---------- Task inputs

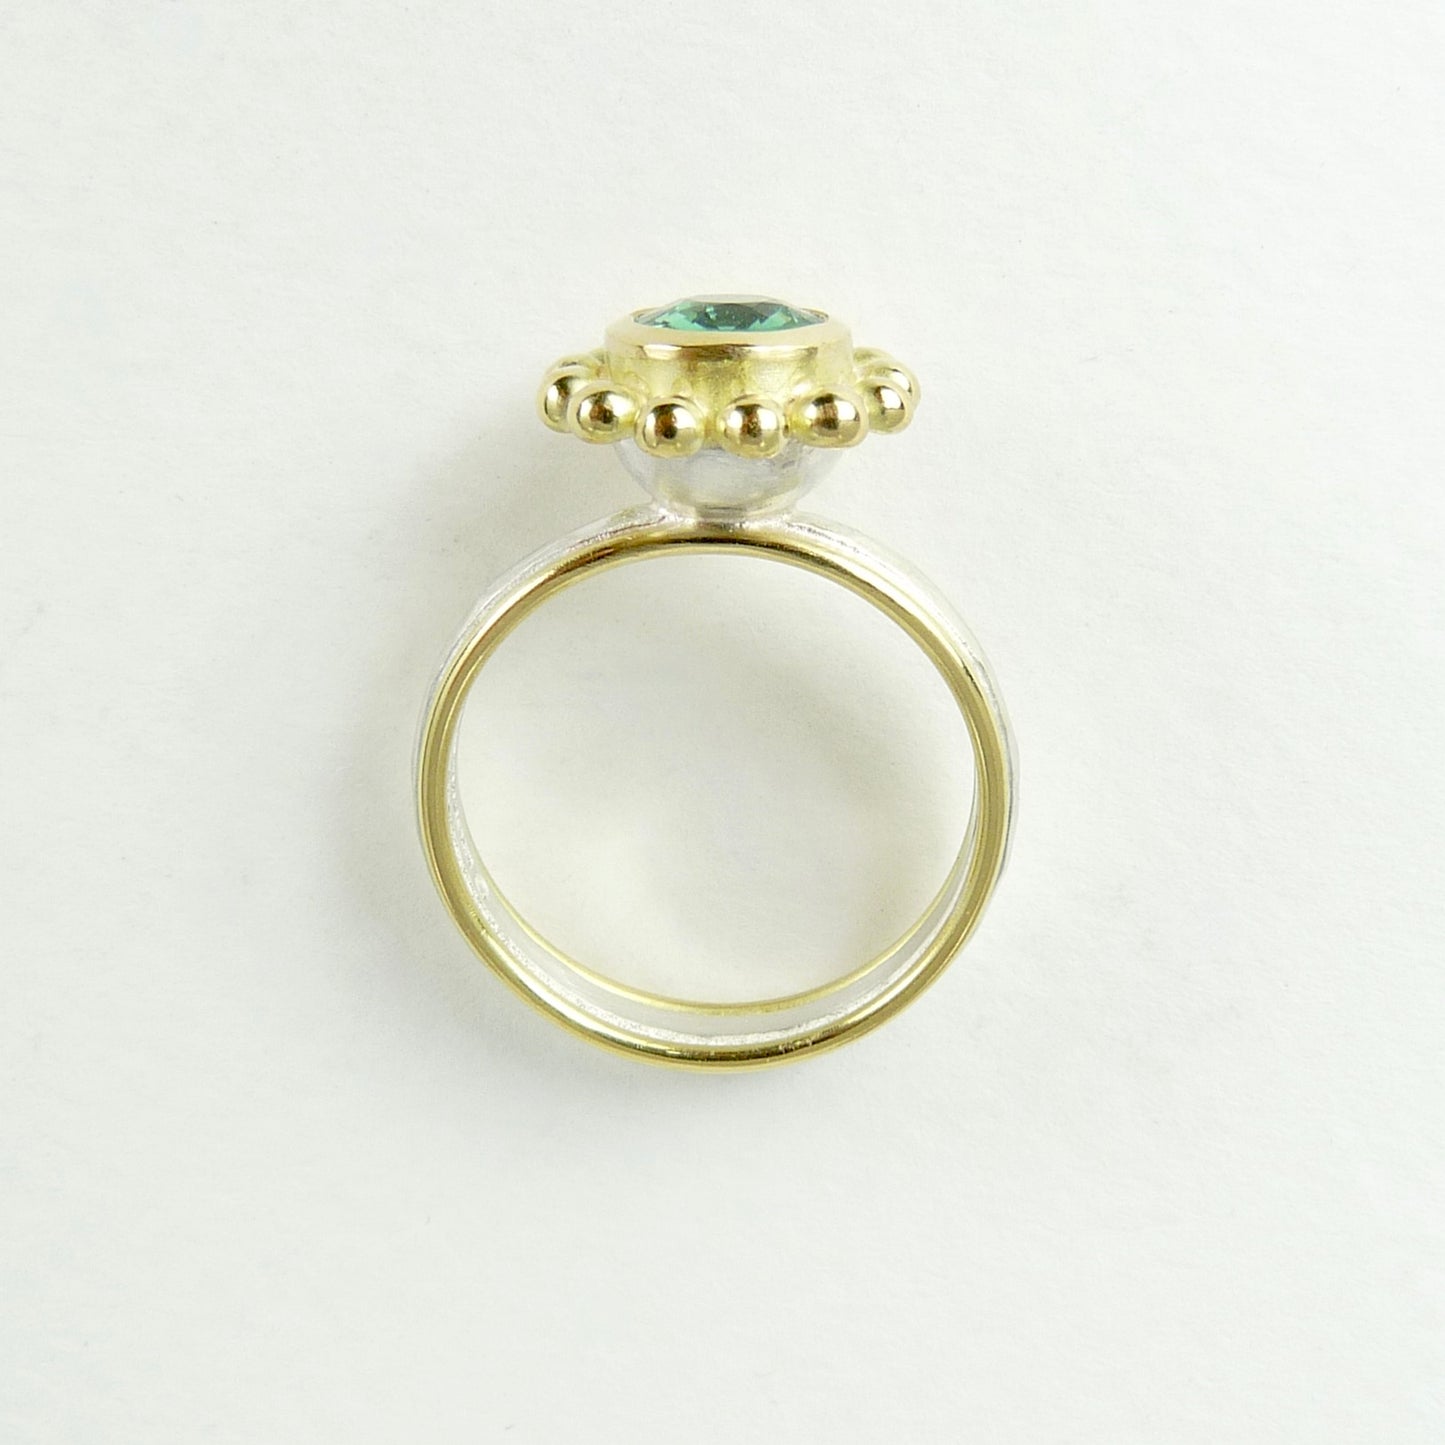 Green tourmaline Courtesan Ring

--------------------
---------- Task inputs

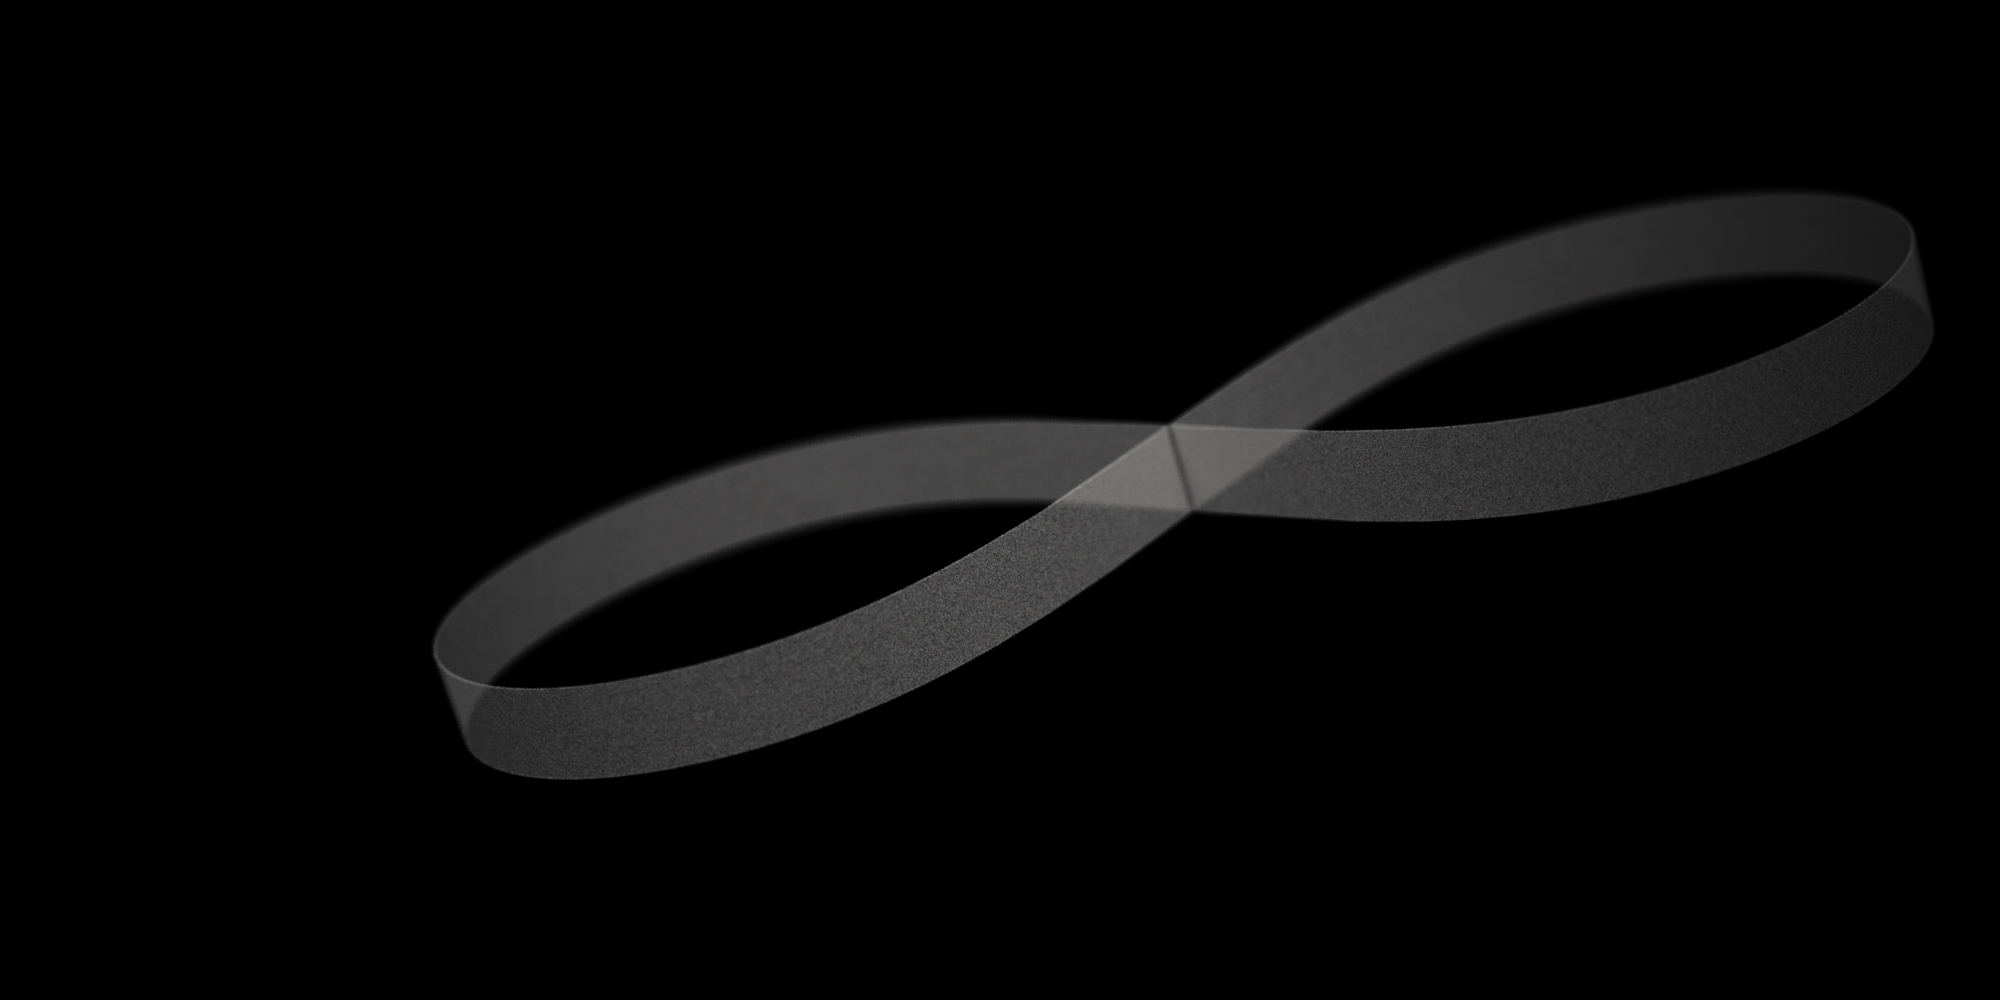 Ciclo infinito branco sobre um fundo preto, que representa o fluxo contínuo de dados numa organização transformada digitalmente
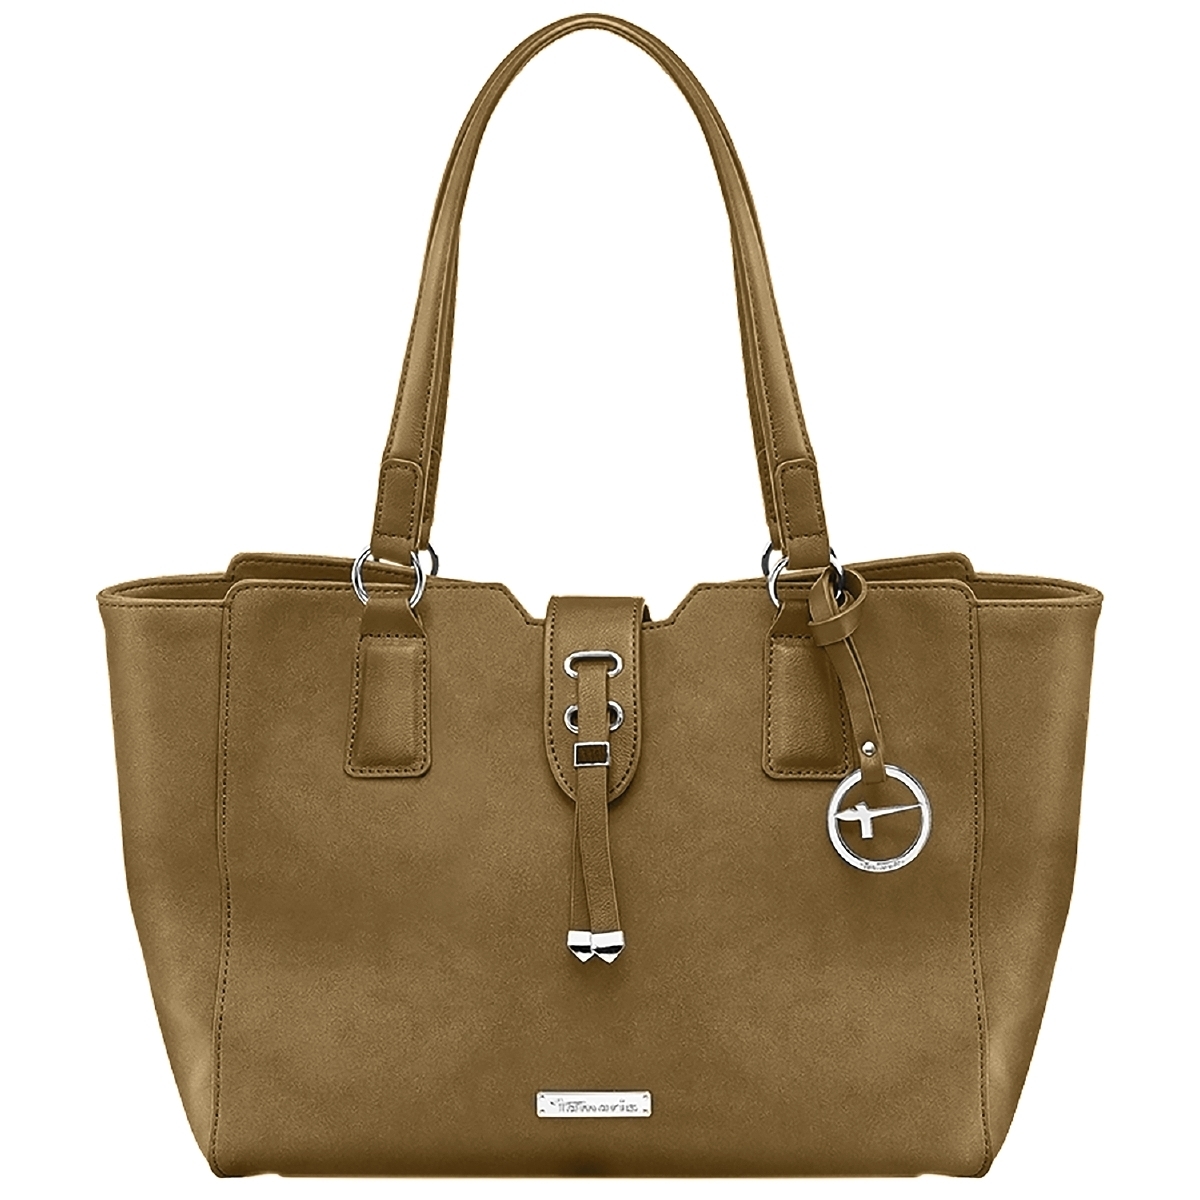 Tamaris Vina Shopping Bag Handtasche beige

--------------------

All that is wanted is the lines above between the one containing "Ciclo infinito branco" and the one containing "Tamaris Vina Shopping Bag Handtasche beige", inclusive, restated word for word, with pictures omitted.

#### Task response
 Ciclo infinito branco sobre um fundo preto, que representa o fluxo contínuo de dados numa organização transformada digitalmente
 Tamaris Vina Shopping Bag Handtasche beige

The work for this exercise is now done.